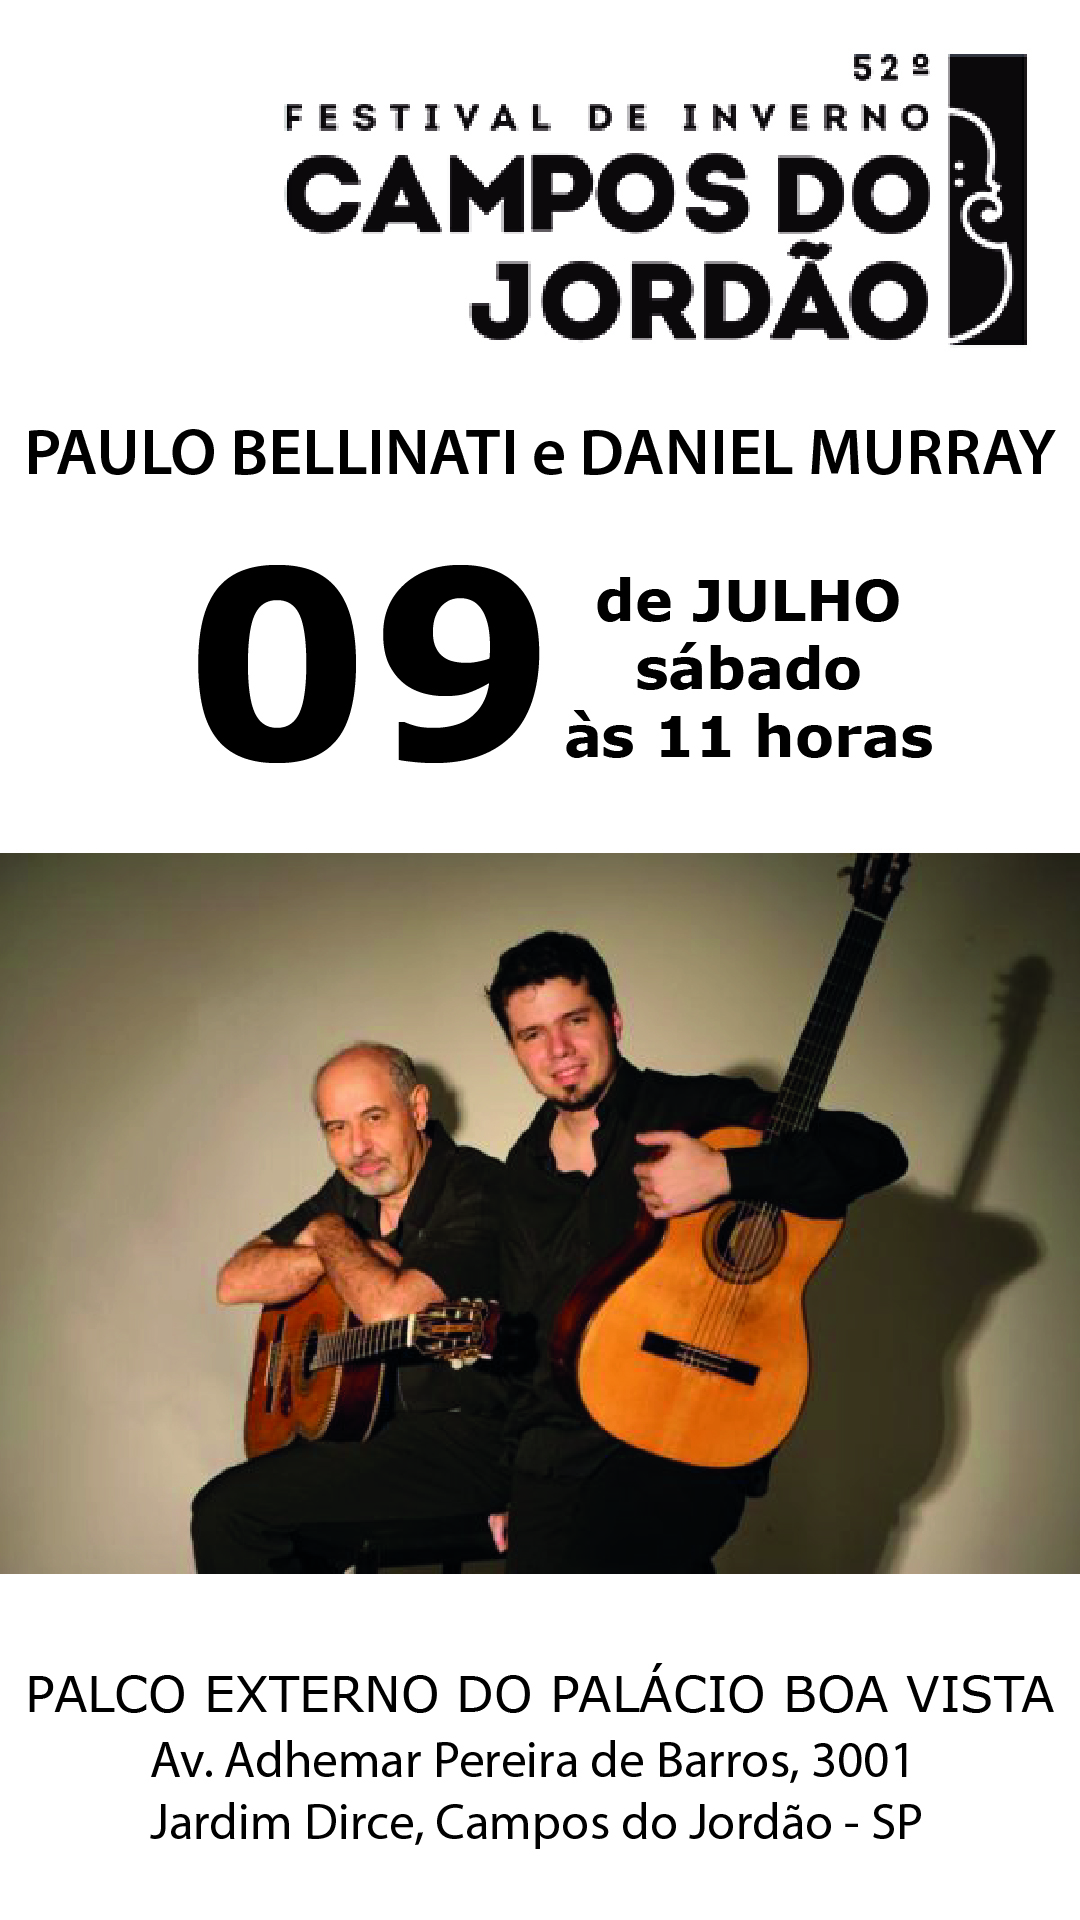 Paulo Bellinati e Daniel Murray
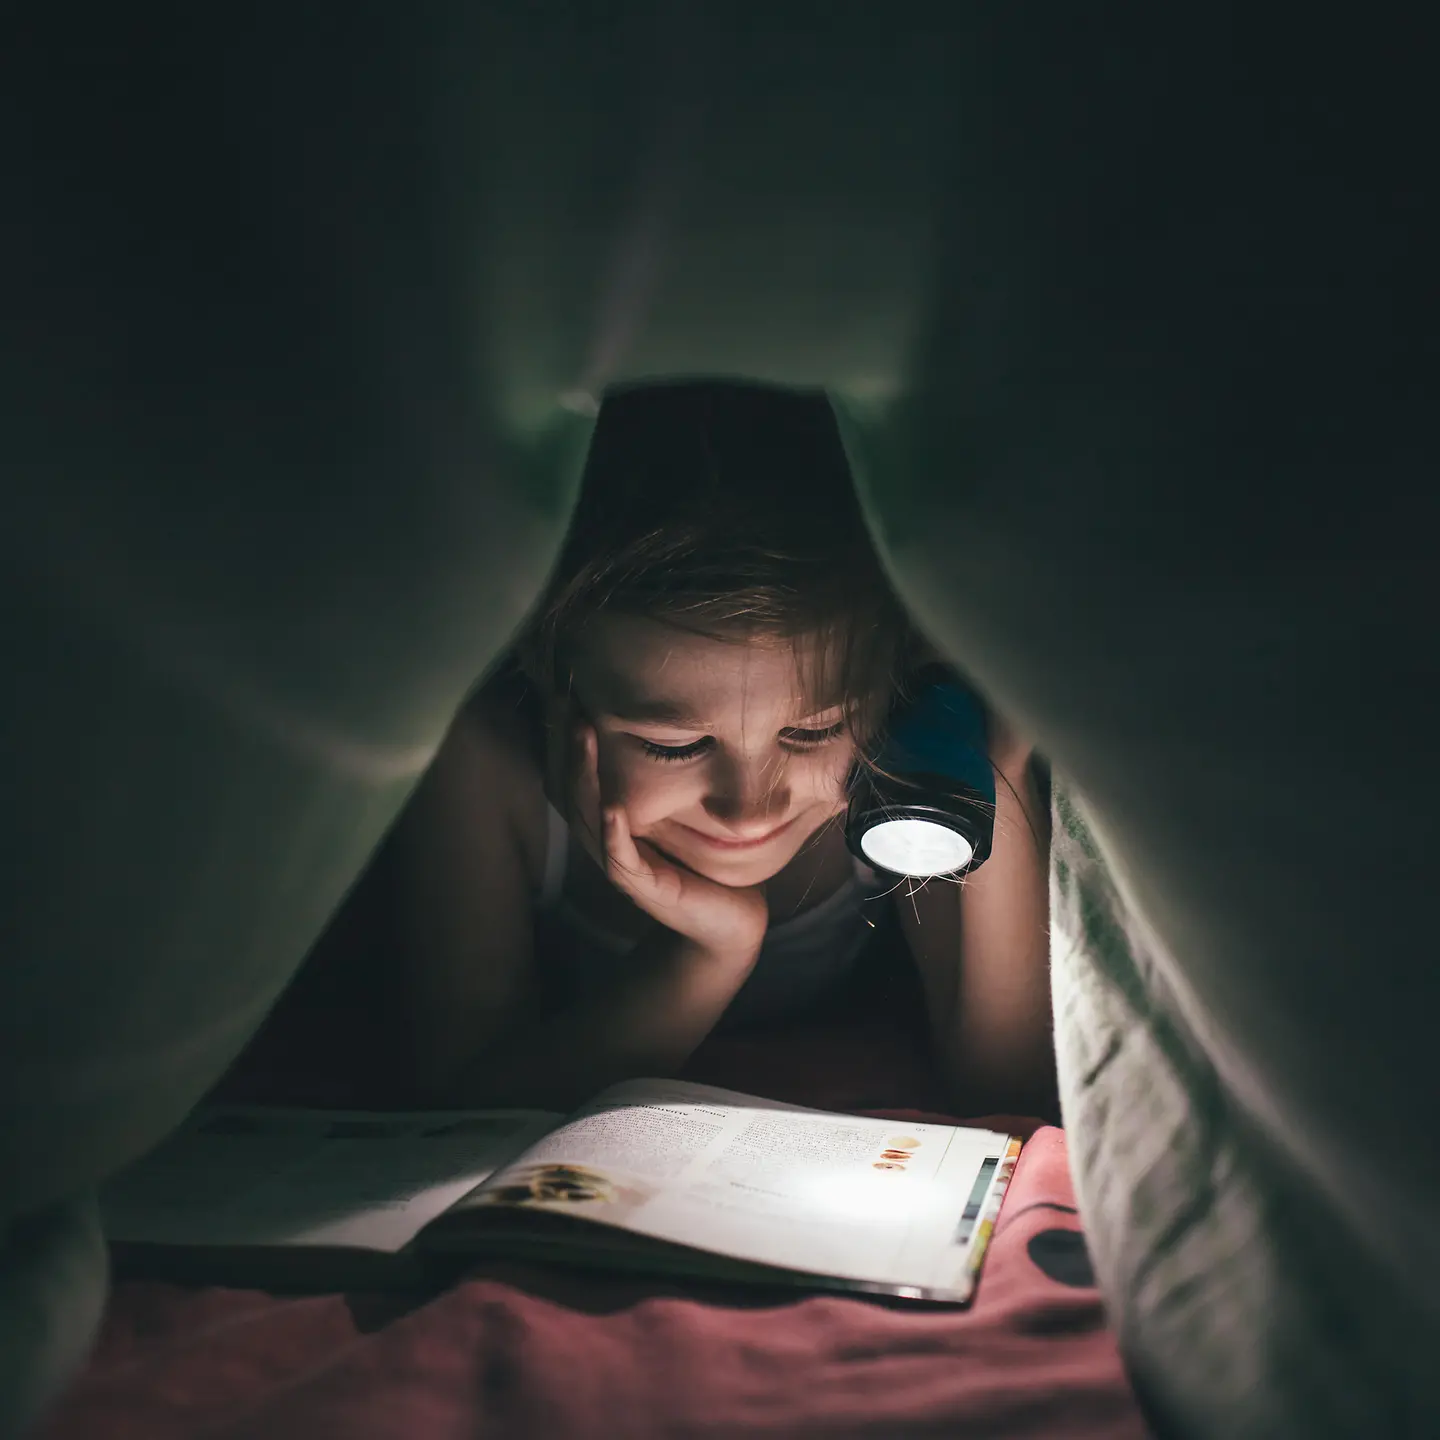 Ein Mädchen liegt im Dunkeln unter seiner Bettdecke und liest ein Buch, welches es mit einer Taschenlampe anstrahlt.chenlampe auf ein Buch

──────

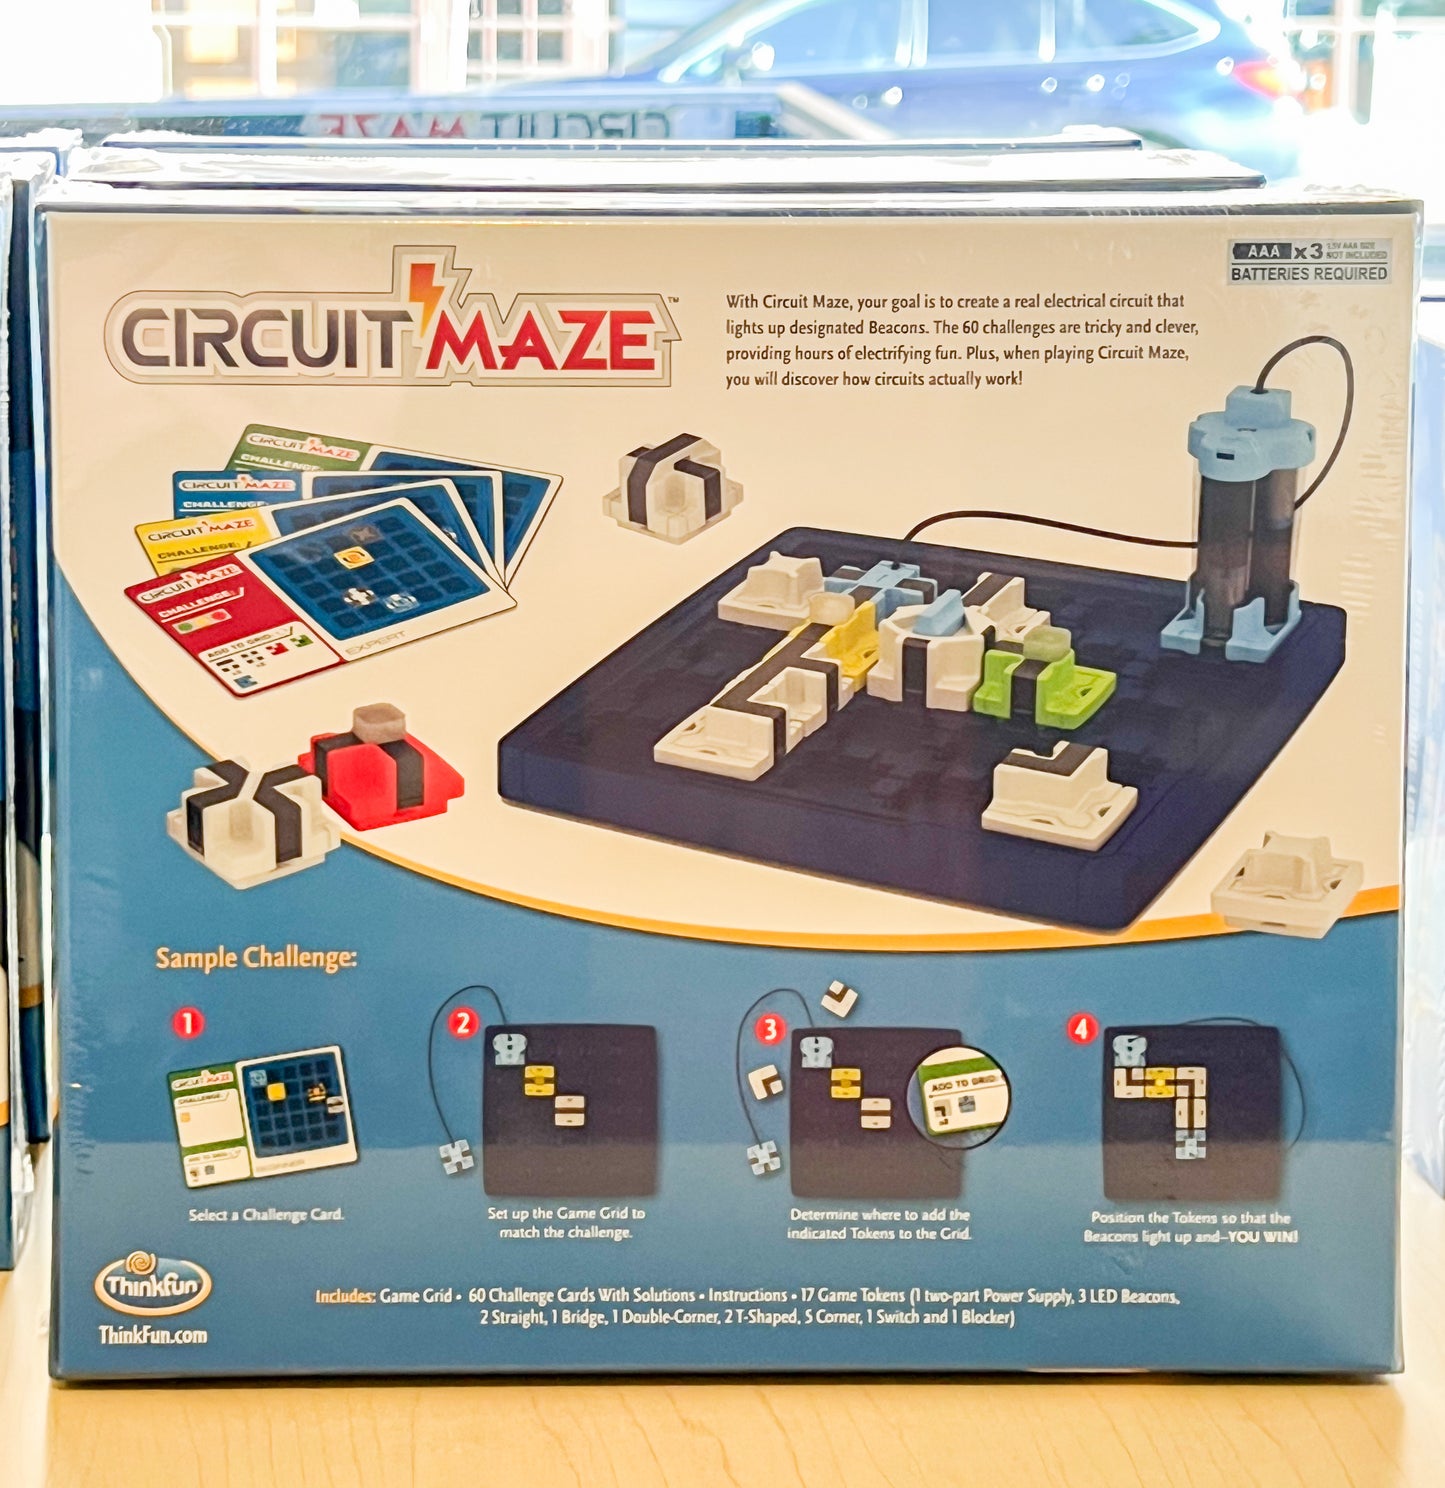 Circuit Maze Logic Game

──────

### Problem statement
From the entries above, copy exactly the lines starting at the one with "Paulo Bellinati e Daniel Murray" and stopping at the one with "Ein Mädchen liegt", keeping both ends. Drop the pictures.

### Exercise answer
 Paulo Bellinati e Daniel Murray
 Ein Mädchen liegt im Dunkeln unter seiner Bettdecke und liest ein Buch, welches es mit einer Taschenlampe anstrahlt.chenlampe auf ein Buch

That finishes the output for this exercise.